My students use the content available on the Internet, but I also create it for them myself. Because I know them. For the Khan Academy materials, we really choose specialists who can explain and reach the audience. However, when using pre-made materials, I have found that when a lesson with a video gives a different explanation than the one we discussed in class, the students have difficulty understanding the subject matter, even if the two explanations are completely equivalent. In the mysterious process of nesting abstract concepts in the brain, this phenomenon has proven to be one of the most important. Therefore, after each lesson, I record videos summarising the material "in our own language", which can be viewed on the school's YouTube channel. The children are expected to complete their notes each time, as processing and internalising knowledge is very important. I also try to revisit previously covered content in different new contexts.
What would the reform of our education consist of in this context? Does it have to be a revolution?
Digital resources bring a lot to education, but using them is more difficult than many people think. Sal Khan has triggered a revolution in education, but that has already happened. To build a meaningful framework on top of that to help children learn, a lot more effort needs to be put in than just presenting a film. I am a big sceptic of these proposed revolutions in Polish education, but I don't want to get into any more verbal arguments on social media about it. The interlocutors are probably too often people who know everything better, but unfortunately at least some of them have not been in the classroom for a long time.
Any changes in school should focus on exactly what was mentioned above - that the teacher must act in such a way that the student comes out of the lesson with something concrete. There is a lot of talk about relationships in school, and rightly so, although there are exceptions. Of course, it's better if there's a cool atmosphere in the classroom and we tend to smile at each other, and I never push them too hard. The problem remains how to get the children to develop in THIS SPECIFIC subject. Pedagogy doesn't care, because pedagogues don't graduate in maths or physics. Films can be a gateway to the garden of knowledge, but the child must have the key with them..
And here the very use of the language of numbers or symbols to describe something is a breakthrough (algebra is only introduced in Year 7), which instils fear in the children, an atavistic distance to the unknown. Dealing with this is the whole point of the job of a maths and science teacher, not whether I have managed to go through all kinds of tasks with them. In this respect, even the best teacher-student relationships are not particularly helpful. They are necessary, but not sufficient.

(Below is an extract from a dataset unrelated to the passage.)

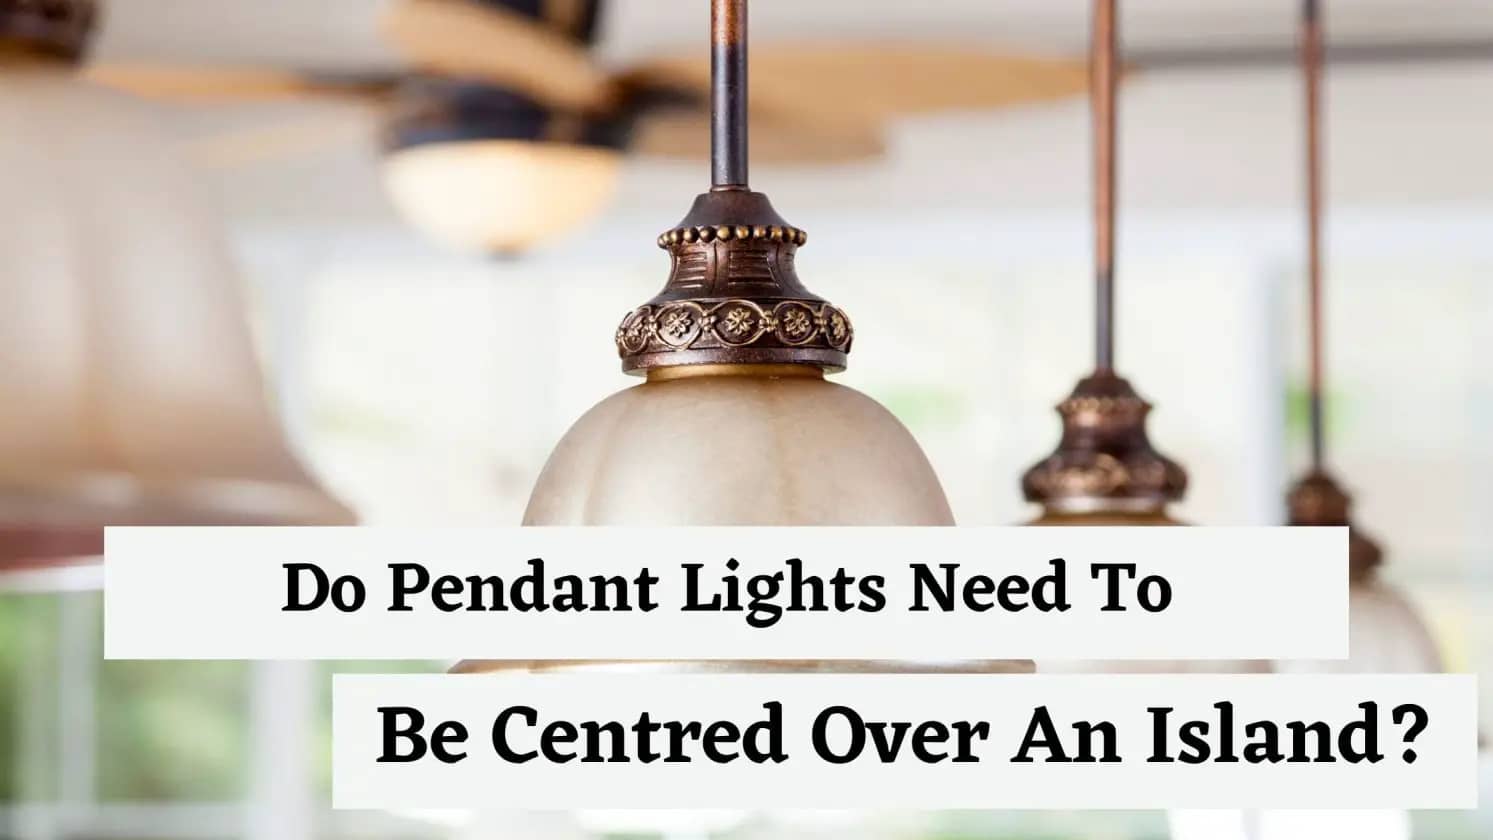 Do pendant lights need to be centred over an island?

In other words, the methodology of how to successfully teach certain subjects remains mysterious.
We have some achievements here, but they have nothing to do with digital education.

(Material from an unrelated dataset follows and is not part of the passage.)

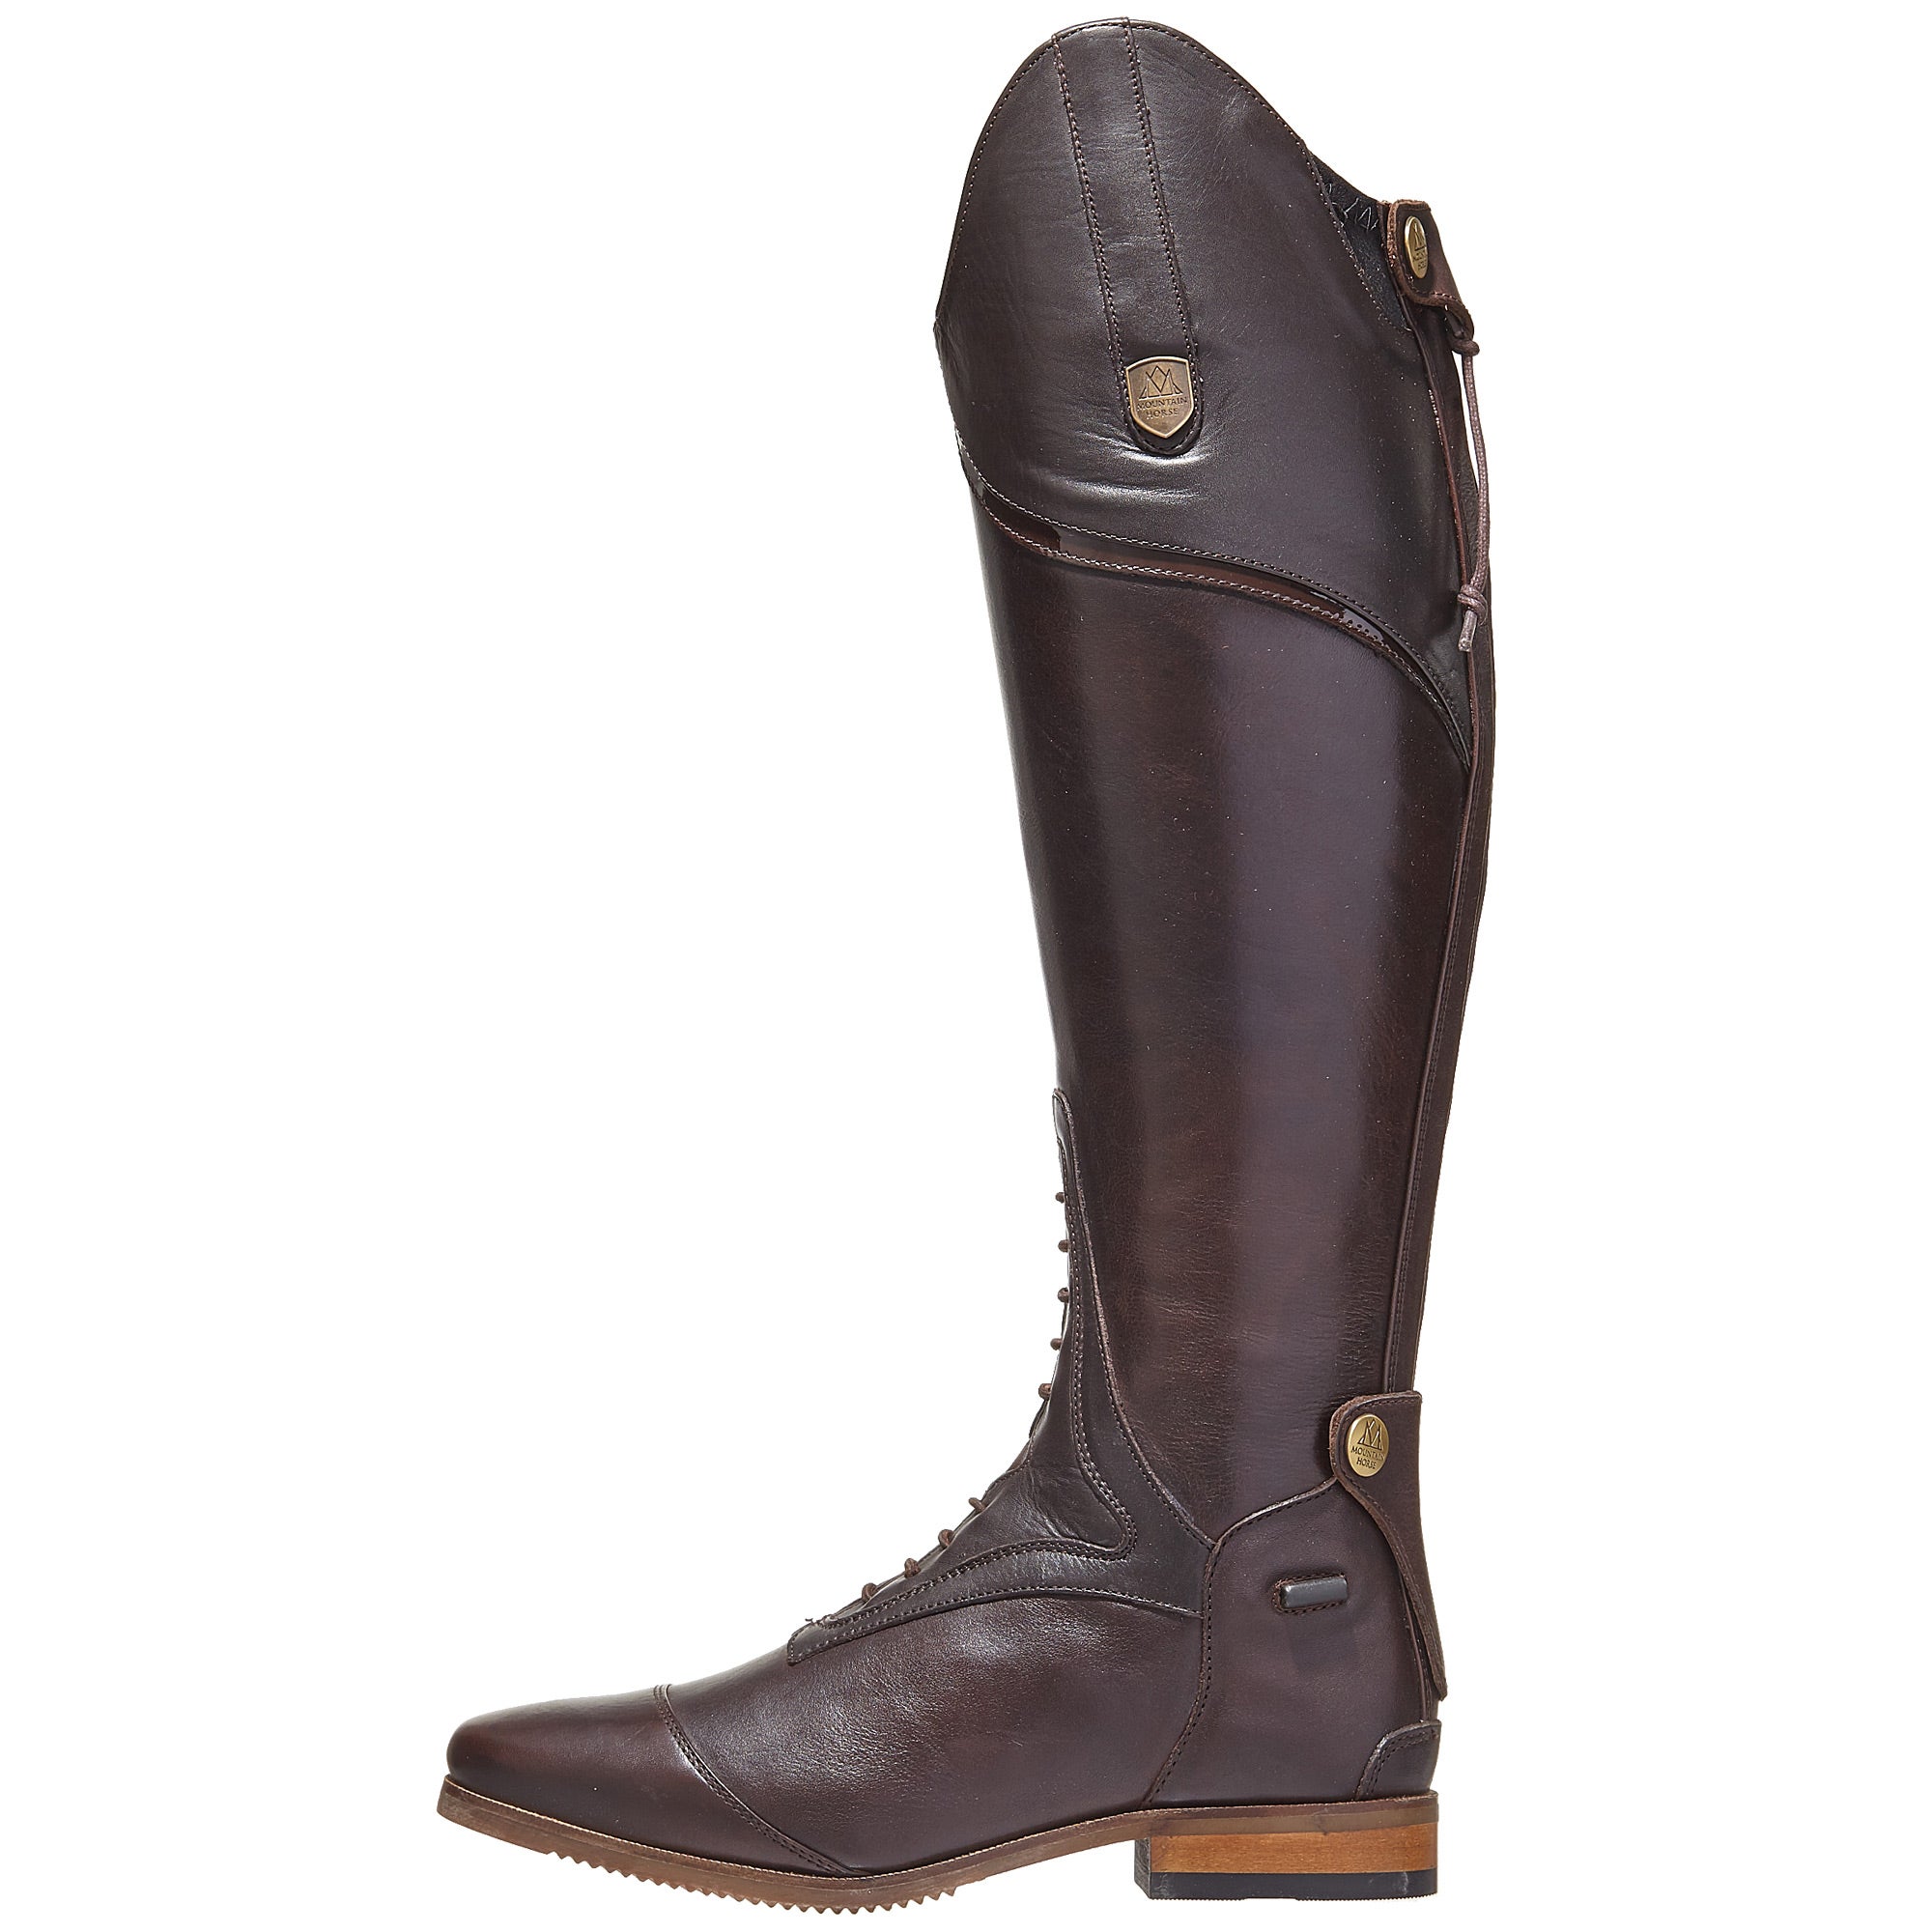 Mountain Horse Sovereign Tall Field Boot-New Dark Brown - Riding Warehouse

– interview: Magdalena Kawalec-Segond
TVP WEEKLY. Editorial team and jornalists
–Translated by Cezary Korycki
Dr Lech Mankiewicz, Professor at the Polish Academy of Sciences. Physicist and astrophysicist, as well as populariser of natural sciences, for over 20 years associated with the Centre for Theoretical Physics of the Polish Academy of Sciences, which he headed in 2007-19. He is strongly involved in international educational initiatives as the Polish coordinator of the EU-HOU programme (Hands-On Universe, Europe) or as the person responsible for the Polish language version of the global educational portal Khan Academy. His contribution to the dissemination of astronomical knowledge (e.g. the possibility for students and teachers of Polish schools to conduct their own regular observations of the cosmos as part of the EU-HOU programme) was awarded the Zonn Medal by the Polish Astronomical Society in 2011. Thanks to a suggestion from students participating in the International Asteroid Search Campaigns, the main belt asteroid (279377) 2010 CH1 was named Lechmankiewicz.